--- DATA FOR ANALYSIS ---
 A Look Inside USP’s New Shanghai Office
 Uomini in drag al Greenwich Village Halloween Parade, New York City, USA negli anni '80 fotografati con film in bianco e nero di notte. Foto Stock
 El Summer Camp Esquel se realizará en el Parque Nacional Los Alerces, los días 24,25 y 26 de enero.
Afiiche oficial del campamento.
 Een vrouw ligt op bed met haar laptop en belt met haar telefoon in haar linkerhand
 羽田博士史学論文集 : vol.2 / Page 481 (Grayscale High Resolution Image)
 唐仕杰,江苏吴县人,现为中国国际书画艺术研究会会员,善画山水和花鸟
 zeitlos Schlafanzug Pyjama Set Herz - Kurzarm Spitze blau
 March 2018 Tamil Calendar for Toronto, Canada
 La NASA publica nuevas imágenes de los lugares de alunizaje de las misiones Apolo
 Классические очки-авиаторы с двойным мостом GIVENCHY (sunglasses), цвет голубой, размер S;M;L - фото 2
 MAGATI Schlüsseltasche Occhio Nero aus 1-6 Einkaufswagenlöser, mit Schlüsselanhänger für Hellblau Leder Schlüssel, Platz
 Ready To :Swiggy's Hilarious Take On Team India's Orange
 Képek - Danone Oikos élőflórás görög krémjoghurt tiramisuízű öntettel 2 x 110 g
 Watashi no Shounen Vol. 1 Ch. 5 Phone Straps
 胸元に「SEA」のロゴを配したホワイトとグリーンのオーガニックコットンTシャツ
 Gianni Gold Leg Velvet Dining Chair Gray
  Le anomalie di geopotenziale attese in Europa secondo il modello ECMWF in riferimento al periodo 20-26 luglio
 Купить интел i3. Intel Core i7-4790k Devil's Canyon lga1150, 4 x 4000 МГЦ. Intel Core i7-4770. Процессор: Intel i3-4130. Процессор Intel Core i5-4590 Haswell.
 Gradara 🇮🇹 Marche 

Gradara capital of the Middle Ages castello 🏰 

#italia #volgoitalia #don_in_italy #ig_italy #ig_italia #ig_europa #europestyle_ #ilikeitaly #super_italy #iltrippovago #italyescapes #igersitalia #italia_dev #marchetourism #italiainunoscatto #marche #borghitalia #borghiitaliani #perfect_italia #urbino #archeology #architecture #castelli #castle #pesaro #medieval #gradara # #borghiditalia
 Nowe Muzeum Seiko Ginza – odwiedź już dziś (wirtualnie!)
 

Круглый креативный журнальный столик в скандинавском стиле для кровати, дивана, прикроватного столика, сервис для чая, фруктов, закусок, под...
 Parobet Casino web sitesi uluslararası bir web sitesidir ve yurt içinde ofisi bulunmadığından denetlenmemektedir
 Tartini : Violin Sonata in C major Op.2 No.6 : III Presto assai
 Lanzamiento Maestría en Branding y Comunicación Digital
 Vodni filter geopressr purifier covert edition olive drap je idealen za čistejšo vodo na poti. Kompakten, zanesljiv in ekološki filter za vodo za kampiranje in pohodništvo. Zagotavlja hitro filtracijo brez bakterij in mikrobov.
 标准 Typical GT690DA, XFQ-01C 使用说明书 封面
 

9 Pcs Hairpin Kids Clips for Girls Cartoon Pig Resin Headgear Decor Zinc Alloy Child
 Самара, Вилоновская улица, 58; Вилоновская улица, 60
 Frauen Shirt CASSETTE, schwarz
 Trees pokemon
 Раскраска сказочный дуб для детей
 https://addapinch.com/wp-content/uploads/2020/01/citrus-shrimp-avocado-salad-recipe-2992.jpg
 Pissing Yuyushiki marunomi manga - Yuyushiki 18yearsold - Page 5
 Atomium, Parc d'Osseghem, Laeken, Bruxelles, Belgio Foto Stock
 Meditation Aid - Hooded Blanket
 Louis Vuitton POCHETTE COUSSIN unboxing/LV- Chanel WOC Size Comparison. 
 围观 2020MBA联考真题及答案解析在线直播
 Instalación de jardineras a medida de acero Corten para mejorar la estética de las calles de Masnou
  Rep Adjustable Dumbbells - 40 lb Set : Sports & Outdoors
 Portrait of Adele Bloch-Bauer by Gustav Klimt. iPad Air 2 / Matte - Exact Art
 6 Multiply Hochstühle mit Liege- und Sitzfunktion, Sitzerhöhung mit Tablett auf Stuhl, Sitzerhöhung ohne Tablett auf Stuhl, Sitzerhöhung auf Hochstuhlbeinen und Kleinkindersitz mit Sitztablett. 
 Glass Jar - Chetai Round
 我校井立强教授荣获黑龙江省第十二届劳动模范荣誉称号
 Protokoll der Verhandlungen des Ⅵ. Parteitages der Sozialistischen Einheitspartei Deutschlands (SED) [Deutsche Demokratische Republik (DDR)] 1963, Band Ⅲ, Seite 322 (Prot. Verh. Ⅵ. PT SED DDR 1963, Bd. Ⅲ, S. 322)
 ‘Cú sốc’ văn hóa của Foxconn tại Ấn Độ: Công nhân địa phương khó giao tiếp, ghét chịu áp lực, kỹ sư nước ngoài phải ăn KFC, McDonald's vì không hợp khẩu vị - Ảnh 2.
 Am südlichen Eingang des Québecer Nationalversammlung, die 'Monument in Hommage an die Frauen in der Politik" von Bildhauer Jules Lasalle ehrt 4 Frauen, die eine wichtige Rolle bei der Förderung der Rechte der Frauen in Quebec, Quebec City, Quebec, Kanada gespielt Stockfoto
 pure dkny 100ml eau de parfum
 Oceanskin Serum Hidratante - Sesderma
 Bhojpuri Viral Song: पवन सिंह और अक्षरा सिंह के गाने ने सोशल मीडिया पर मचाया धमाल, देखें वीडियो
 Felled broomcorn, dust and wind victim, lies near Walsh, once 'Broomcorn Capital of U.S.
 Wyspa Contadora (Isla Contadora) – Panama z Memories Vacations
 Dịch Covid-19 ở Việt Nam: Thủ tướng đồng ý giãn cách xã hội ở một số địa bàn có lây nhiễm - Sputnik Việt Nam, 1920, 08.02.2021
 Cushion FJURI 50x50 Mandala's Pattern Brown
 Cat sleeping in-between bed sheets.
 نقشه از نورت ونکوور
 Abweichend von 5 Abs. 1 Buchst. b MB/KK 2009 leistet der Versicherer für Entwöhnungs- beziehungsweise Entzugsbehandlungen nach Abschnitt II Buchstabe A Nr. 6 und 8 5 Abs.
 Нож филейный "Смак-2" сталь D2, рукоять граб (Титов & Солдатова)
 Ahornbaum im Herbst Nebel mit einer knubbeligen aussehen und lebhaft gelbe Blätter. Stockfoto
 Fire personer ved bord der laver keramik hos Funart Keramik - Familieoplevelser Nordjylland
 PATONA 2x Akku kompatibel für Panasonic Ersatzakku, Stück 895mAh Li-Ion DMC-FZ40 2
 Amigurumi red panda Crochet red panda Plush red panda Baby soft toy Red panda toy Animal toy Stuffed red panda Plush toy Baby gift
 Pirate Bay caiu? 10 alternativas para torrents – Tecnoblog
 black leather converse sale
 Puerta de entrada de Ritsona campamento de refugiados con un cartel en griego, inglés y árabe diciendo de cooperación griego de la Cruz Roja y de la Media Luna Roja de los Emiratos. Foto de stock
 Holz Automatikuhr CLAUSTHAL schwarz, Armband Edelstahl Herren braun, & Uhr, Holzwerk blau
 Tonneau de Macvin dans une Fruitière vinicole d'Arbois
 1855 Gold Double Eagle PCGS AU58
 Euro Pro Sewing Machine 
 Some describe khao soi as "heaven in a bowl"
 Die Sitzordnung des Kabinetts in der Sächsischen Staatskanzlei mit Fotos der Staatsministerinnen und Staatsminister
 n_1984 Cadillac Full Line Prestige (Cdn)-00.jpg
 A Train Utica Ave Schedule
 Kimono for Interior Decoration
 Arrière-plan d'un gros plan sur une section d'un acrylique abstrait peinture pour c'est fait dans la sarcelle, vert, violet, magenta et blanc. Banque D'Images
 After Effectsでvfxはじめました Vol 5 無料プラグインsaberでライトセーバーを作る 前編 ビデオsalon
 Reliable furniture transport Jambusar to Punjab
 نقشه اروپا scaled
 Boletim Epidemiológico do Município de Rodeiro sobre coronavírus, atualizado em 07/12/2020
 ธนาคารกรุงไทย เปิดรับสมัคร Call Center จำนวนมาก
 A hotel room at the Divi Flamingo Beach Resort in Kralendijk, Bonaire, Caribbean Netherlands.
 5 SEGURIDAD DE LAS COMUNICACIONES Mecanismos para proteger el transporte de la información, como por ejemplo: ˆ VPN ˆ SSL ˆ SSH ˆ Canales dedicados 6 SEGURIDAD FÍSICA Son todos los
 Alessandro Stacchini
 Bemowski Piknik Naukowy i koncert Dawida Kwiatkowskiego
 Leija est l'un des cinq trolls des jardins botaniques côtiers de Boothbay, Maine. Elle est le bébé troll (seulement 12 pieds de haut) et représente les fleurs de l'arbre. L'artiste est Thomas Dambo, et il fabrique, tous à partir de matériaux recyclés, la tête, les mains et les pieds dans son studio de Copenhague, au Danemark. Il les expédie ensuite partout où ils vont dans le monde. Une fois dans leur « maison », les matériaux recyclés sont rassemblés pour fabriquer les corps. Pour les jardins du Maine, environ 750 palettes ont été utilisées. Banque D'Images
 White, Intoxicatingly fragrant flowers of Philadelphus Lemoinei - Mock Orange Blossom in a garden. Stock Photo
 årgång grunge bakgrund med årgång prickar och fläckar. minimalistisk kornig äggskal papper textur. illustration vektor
---
WHAT YOU WILL DO.
Show every line from the entries above in which "نقشه" appears.

RESPONSE BOX.
 نقشه از نورت ونکوور
 نقشه اروپا scaled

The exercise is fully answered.